Records provided:
--- START ---

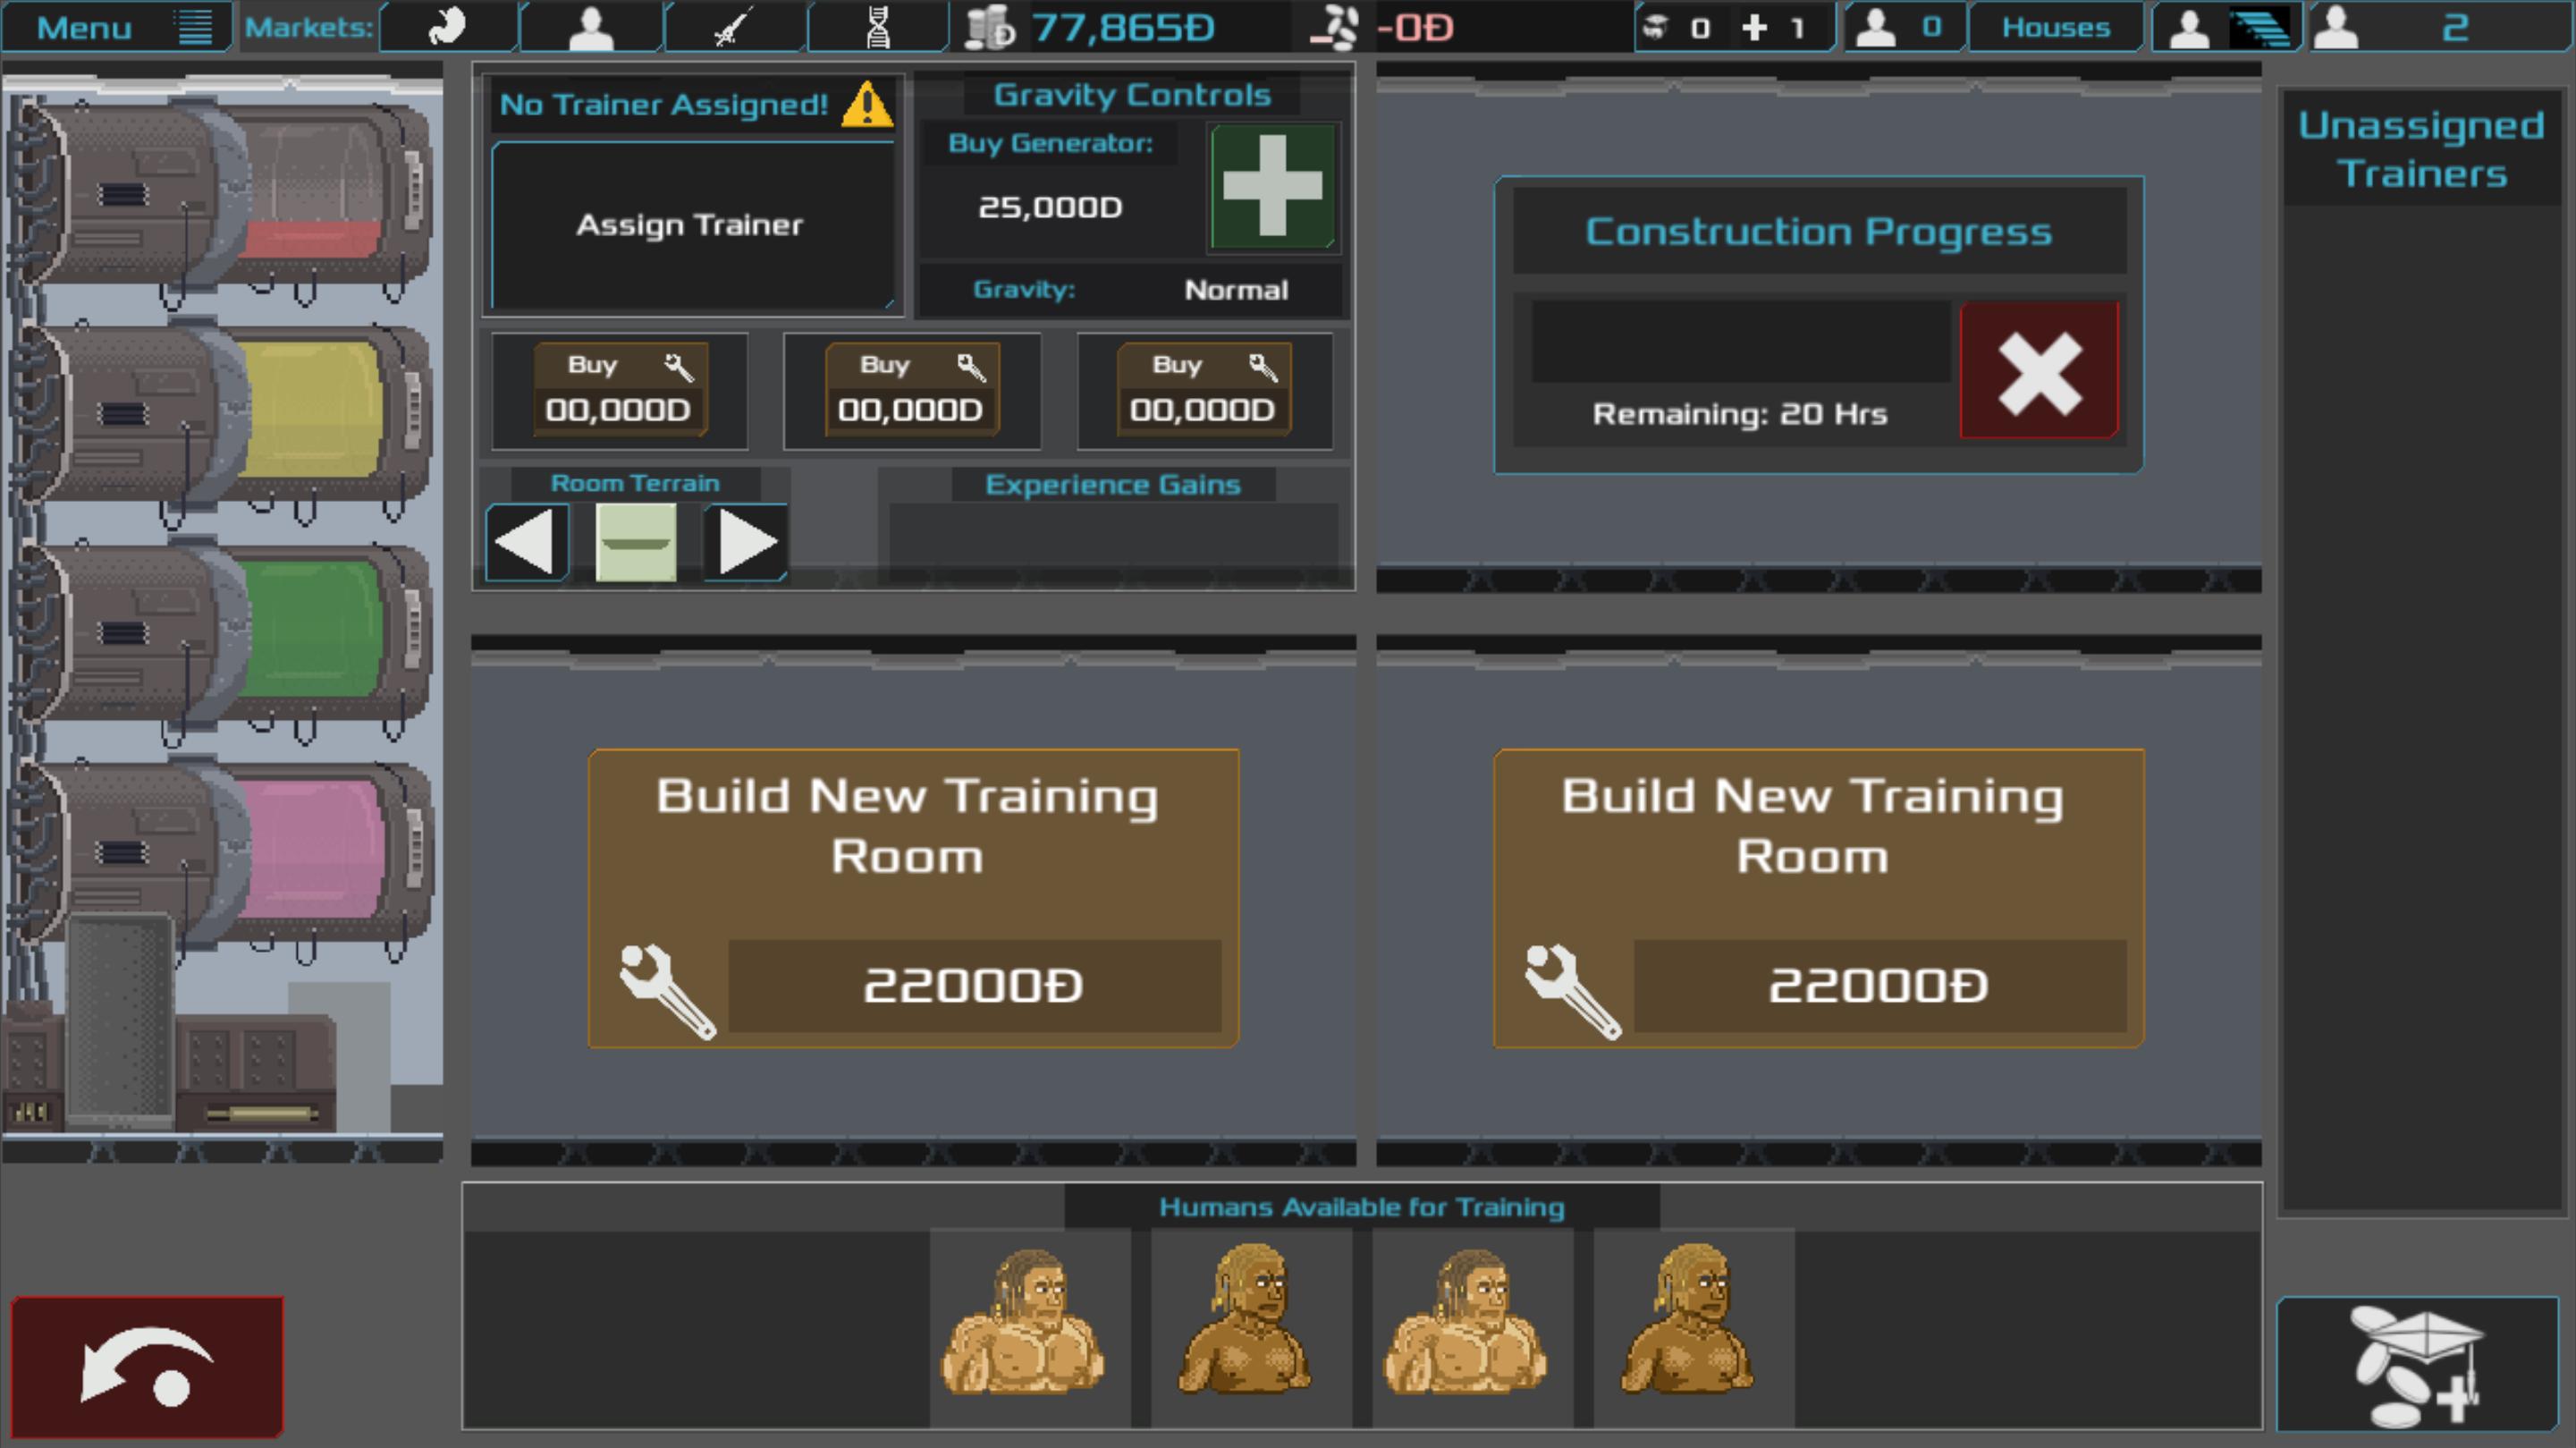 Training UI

--- END ---
--- START ---

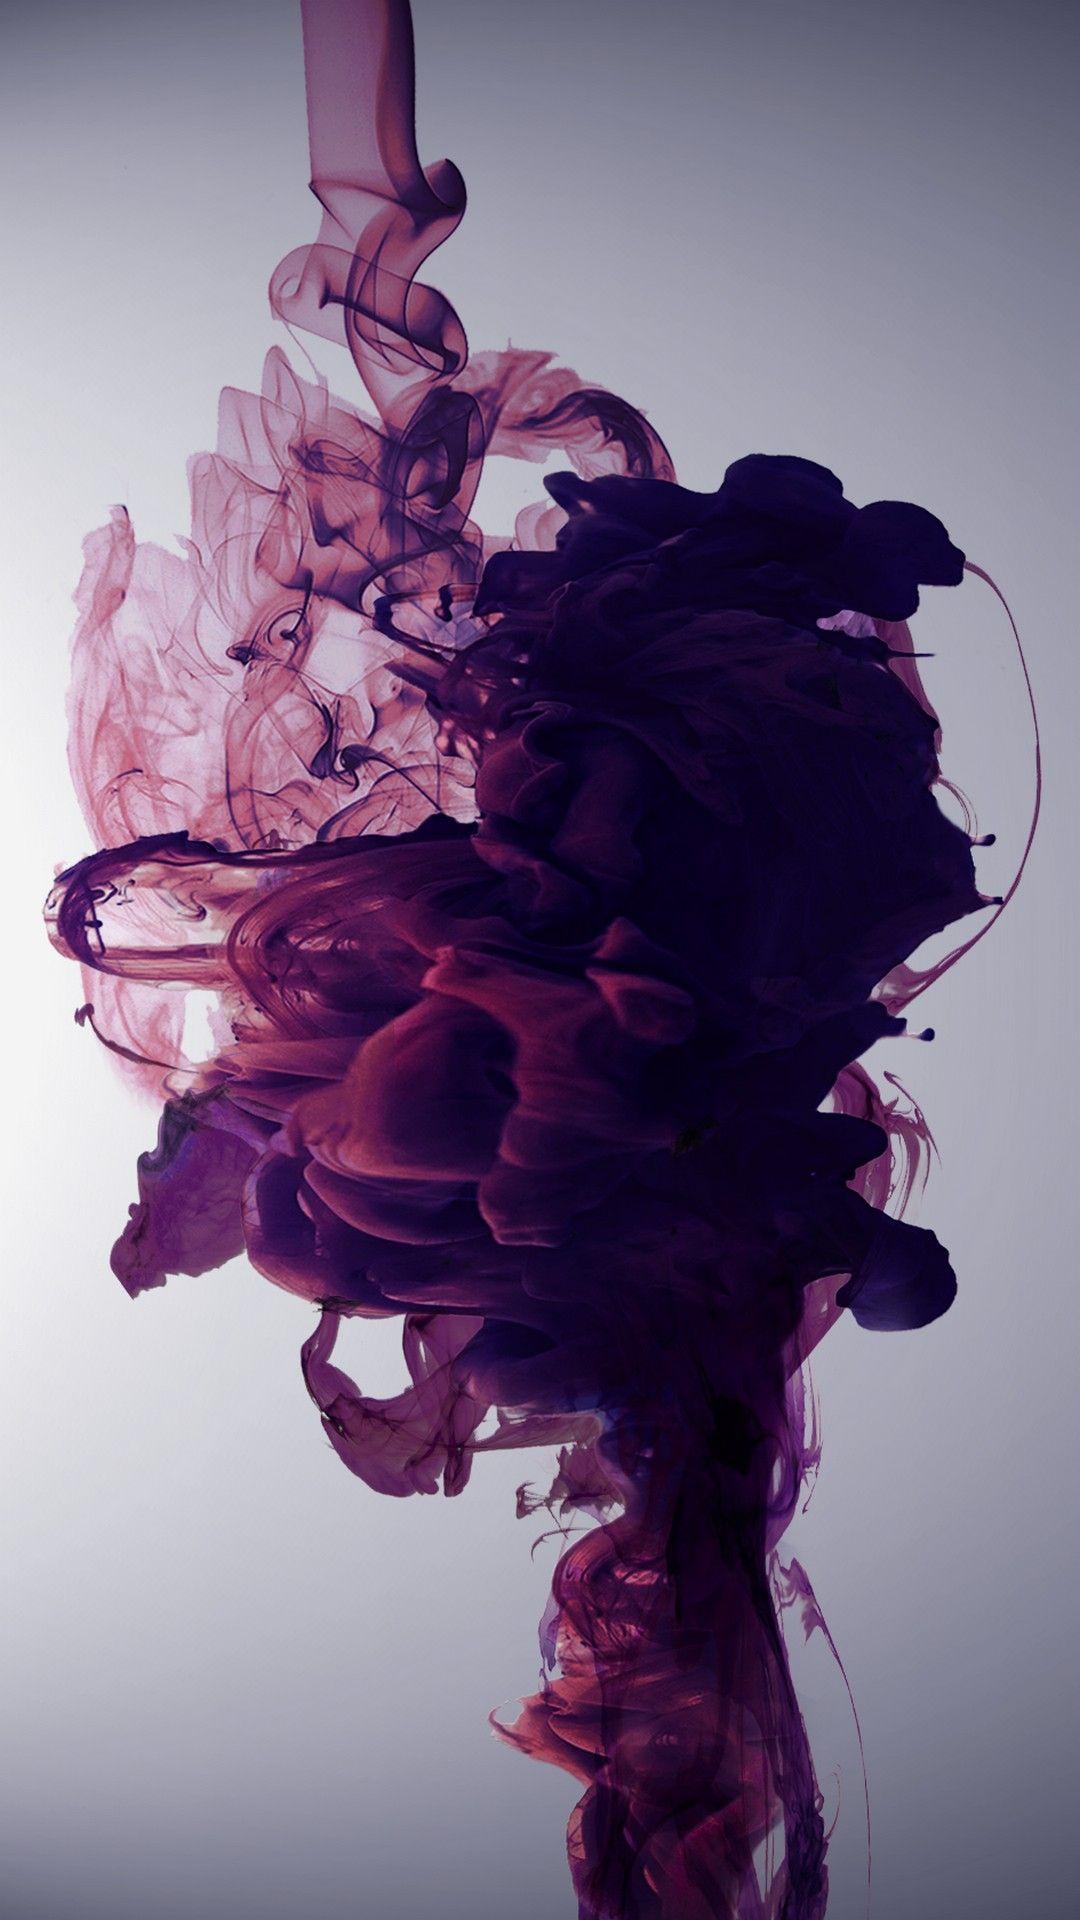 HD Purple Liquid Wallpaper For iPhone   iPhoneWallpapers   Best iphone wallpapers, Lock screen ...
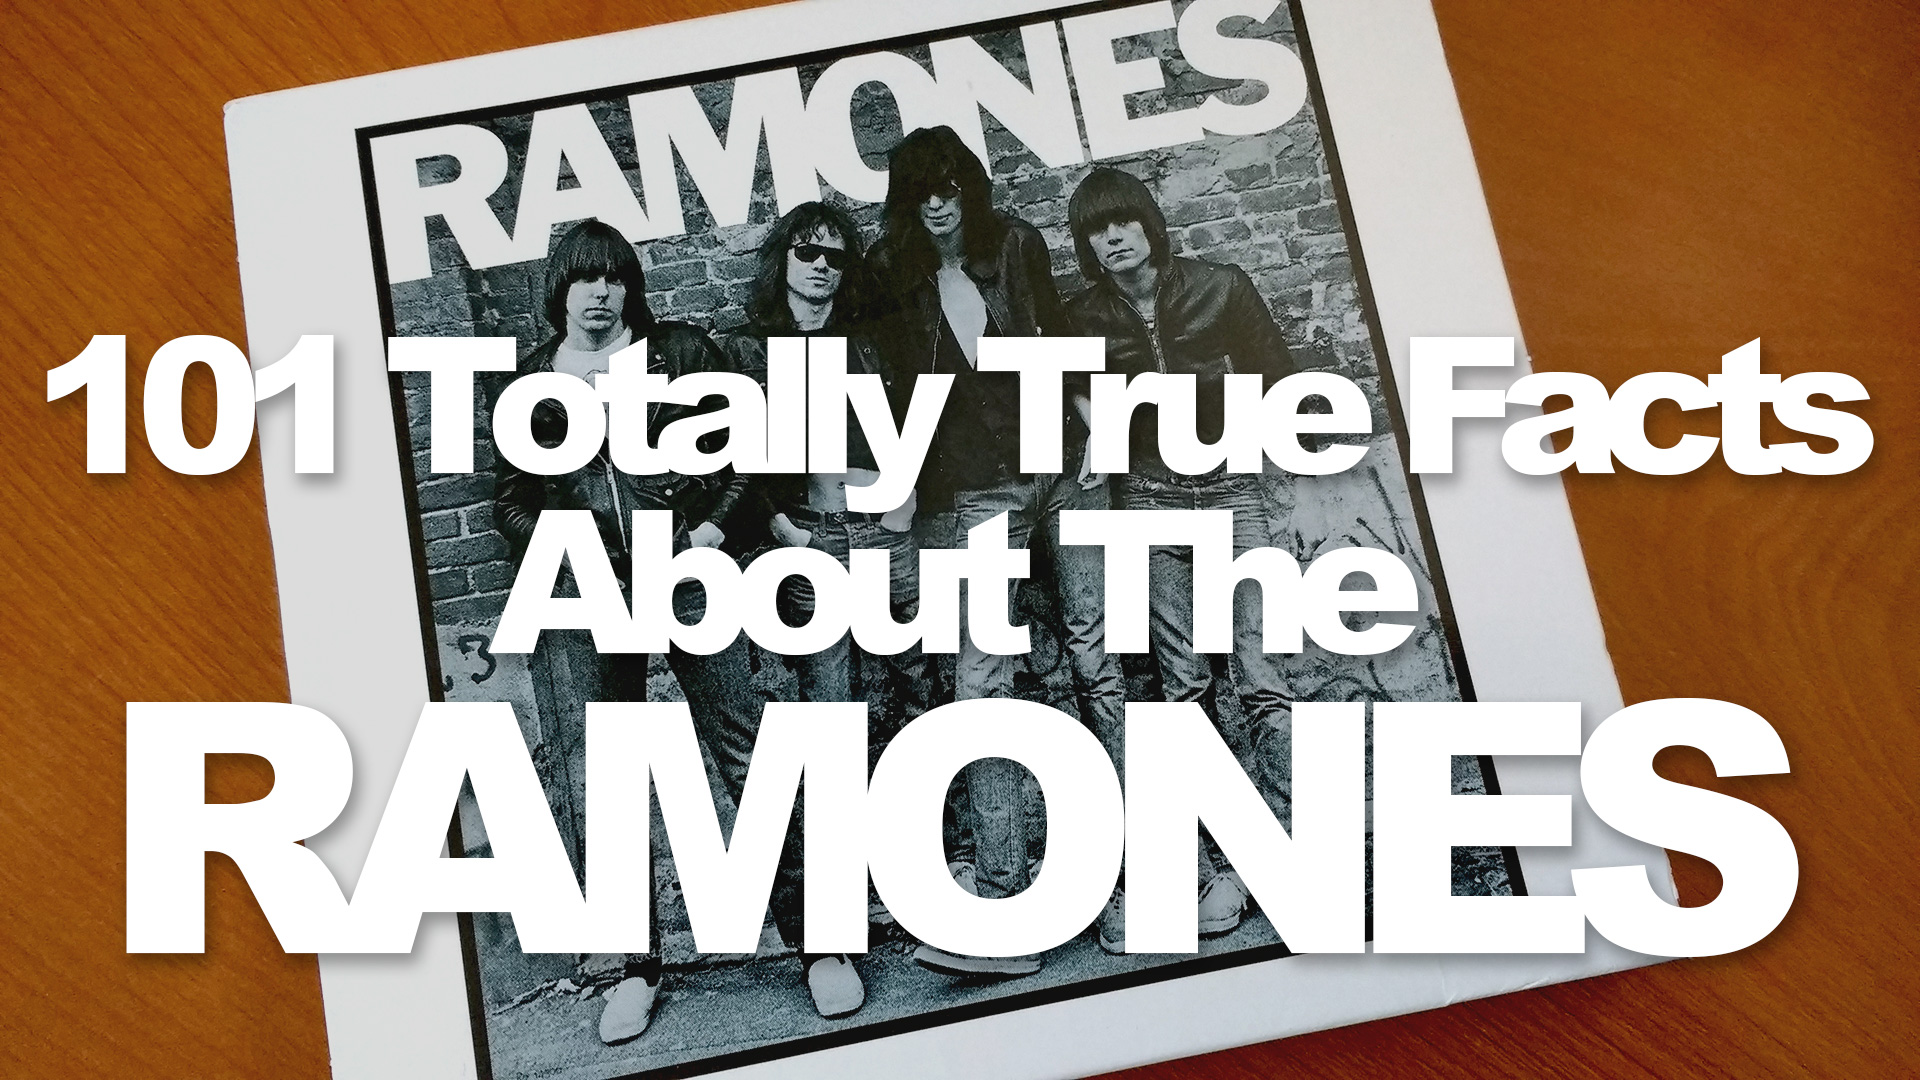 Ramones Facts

--- END ---

Your assignment: Nothing but the lines above, starting at the line that contains "HD Purple Liquid" and ending at the line that contains "Ramones Facts", should be given again, exactly and without the pictures.

Exercise response:
 HD Purple Liquid Wallpaper For iPhone   iPhoneWallpapers   Best iphone wallpapers, Lock screen ...
 Ramones Facts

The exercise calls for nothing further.